– Третий, Нарвской части, ваше превосходительство…
– Фамилия?
– Ротмистр Давыдов… Викентий Александрович, – добавил он.
– Так вот что я вам скажу, Викентий Александрович, – начал Ратаев тихо и вдруг закричал в голос: – Чтоб ноги твоей в храме искусства не было! Завтра рапорт мне на стол! Пошел вон! Вон!..
Давыдов принял разнос, опустив голову, не смея шевельнуться. Криков он не боялся, все-таки из армии пришел. Он думал не про пенсию, которую теперь вряд ли суждено увидеть, не про бежавших чиновников, не про торжествующего Сильфидова, не про коварных макаронников. Он думал только об одном: как же это у Ванзарова так получается, что те же самые слова из его уст звучат разумно, но стоит их повторить другому – выходит полная чушь. Что за волшебство?
Сильфидов позволил себе маленькую месть: вырвал из рук полицейского плащ со шляпой и вернул их актерам. Естественно, с извинениями.
Итальянцы так, кажется, и не поняли, что произошло. Что за русская драма разыгралась перед ними? Или это в России называется комедией?! И для чего господину в погонах понадобился их костюм? Нет, эту страну не понять…

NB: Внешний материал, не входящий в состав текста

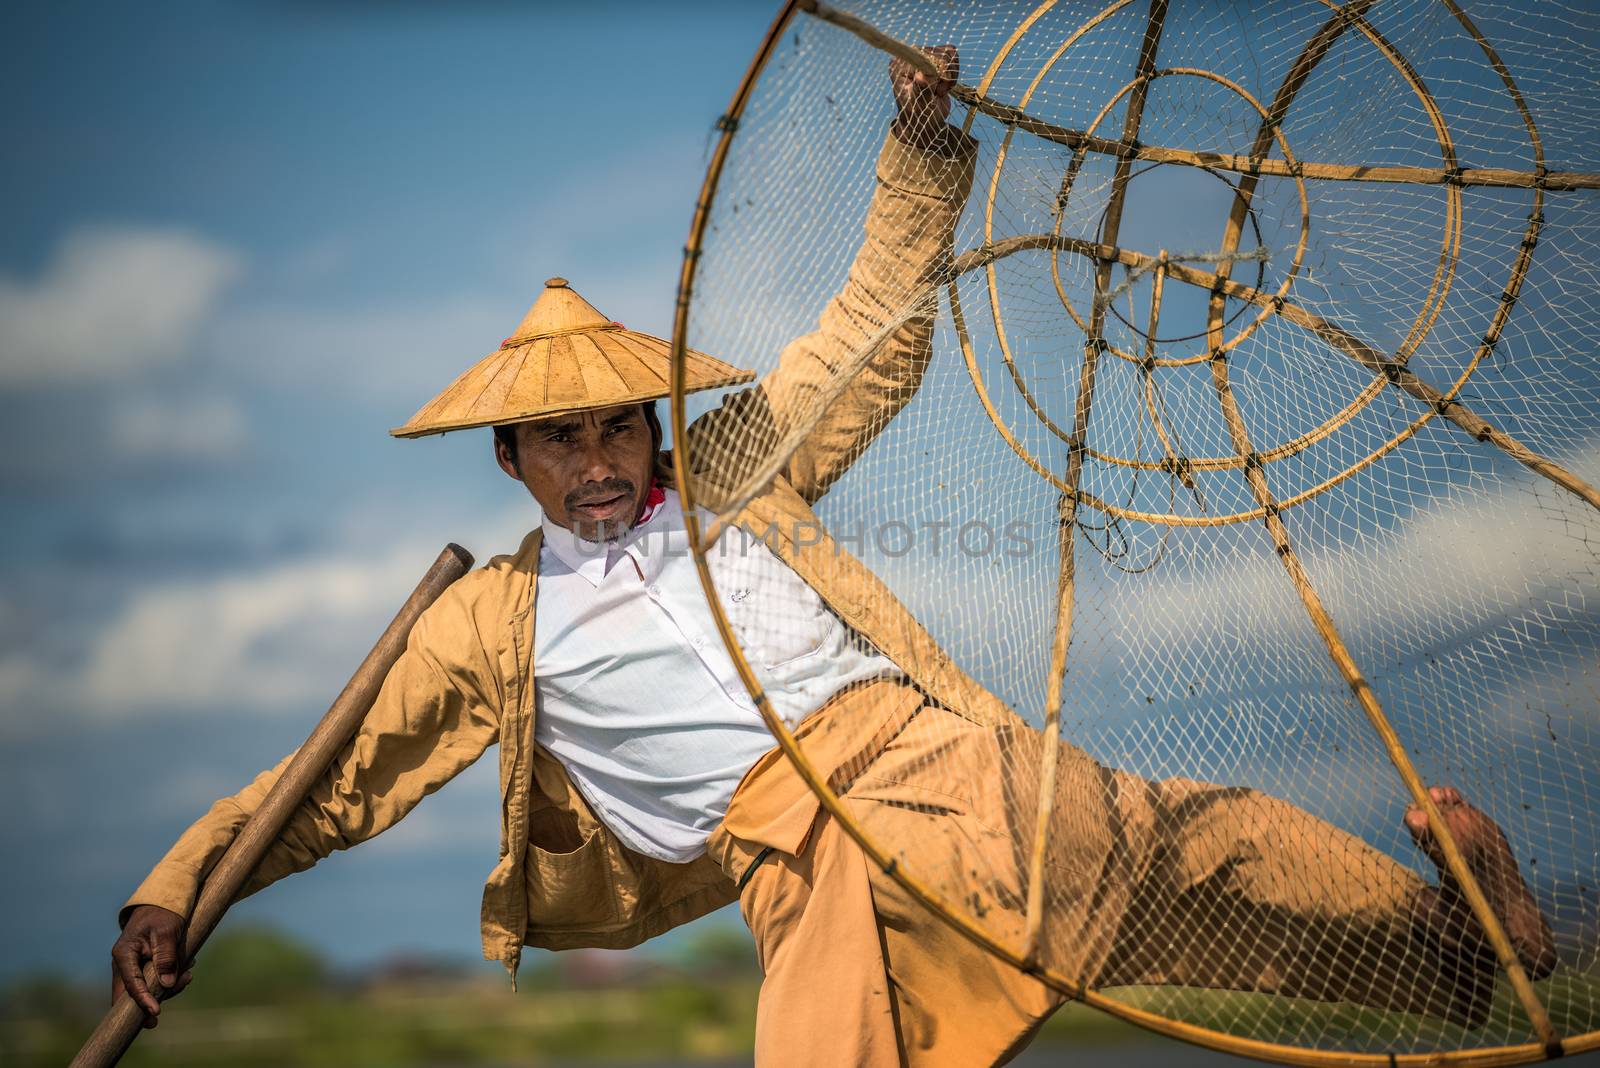 INLE LAKE, MYANMAR - JANUARY 26, 2016 : Close up of a burmese fisherman on a traditional bamboo boat using a handmade net

Под вывеской «Ломбардъ» толпилась компания парнишек в рабочей одежонке. Заметив приближение Ванзарова, они разлетелись, как стайка пугливых птичек. Чиновника для особых поручений уличная мелюзга, скорее всего, не знала. Но они почуяли, что лучше держаться подальше.
Сыскная полиция на таких людей чаще всего смотрела сквозь пальцы. Они были неизбежным злом большого города. Представить Нарвскую часть без них было невозможно. Тут юная смена проходила воровские университеты. Они учились, как вырвать сумку, как порезать карман, как обобрать пьяного и прочим искусствам. Ловили их в основном городовые, да и то если грабеж случался у них на виду. В остальном парнишки из рабочих семей, научившись кое-как писать и читать в школах, шли на улицу добывать хлеб насущный. В Департаменте полиции знали, что скоро из них вылупятся настоящие преступники, но поделать ничего не могли. Награбленное почти всегда сбывалось одинаково: закладывалось в ломбард за копейки, чтобы тут же искать новую поживу.
Изучив ободранную вывеску, Ендрихин поморщился:
– Полагаете, что убийца так глуп, что сдаст необработанные алмазы в какой-то грязный ломбард?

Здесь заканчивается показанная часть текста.